Rents in the occupied development, marketed as ‘Stratford Halo’, start from £1,700pcm for a two bedroom flat, the minimum size needed for a family with children – of which there are now more than 1.3 million renting from private landlords in England [5]. Based on figures published by Shelter, these rents would only be affordable to families with an income of £76,000 or more [6].


Emma Bradshaw, one of the activists, said:

“Private renting is expensive and gives people no security – the last thing we need is more of it. Rather than supporting developers to build expensive private rented housing that is only affordable to the very wealthiest, the government should bring in measures to keep rents under control and invest in good quality genuinely affordable social housing that gives ordinary people the security they need.”
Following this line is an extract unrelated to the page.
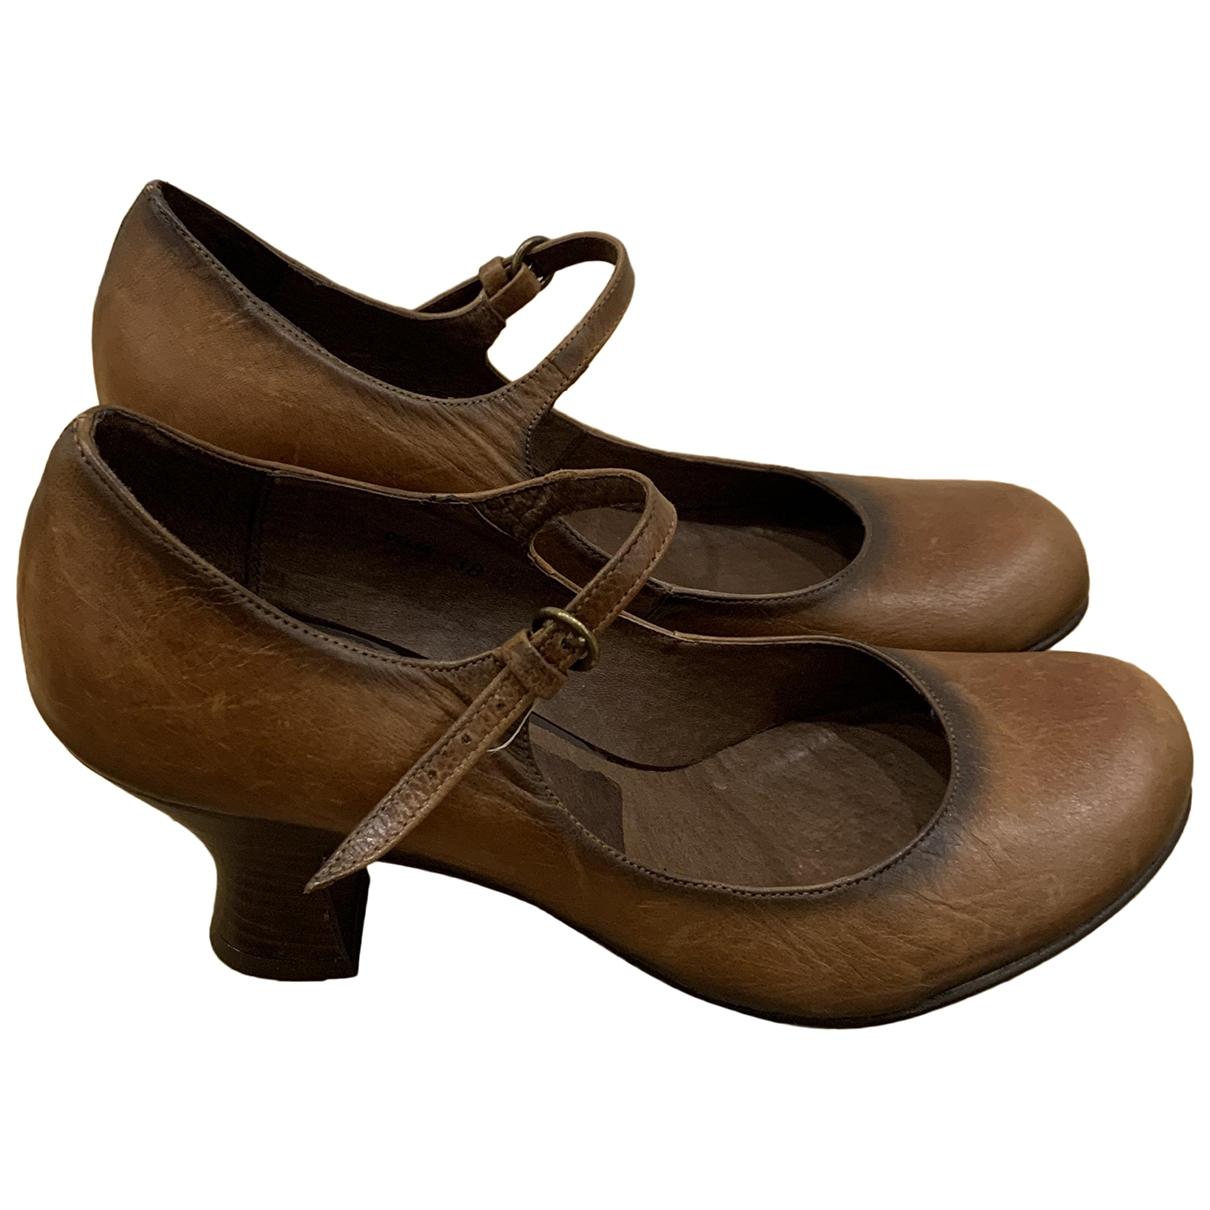 Kurt Geiger \N Brown Leather Heels for Women 5 UK

In total, £1bn is being made available to developers to build new private rented properties as subsidised finance at an estimated minimum cost to the public purse of £90m. [7] The government claims that the first £700m of the funding “has the potential to deliver between 8,000 and 10,000 new homes”. [8]



If the £1bn was used to build social housing on publicly owned land, around 10,000 new homes could be built [9], with money recovered through the rents. This would also help to reduce the housing benefit bill, 40 per cent of which now goes to private landlords as one in four private tenants currently needs housing benefit to afford their rent. [10]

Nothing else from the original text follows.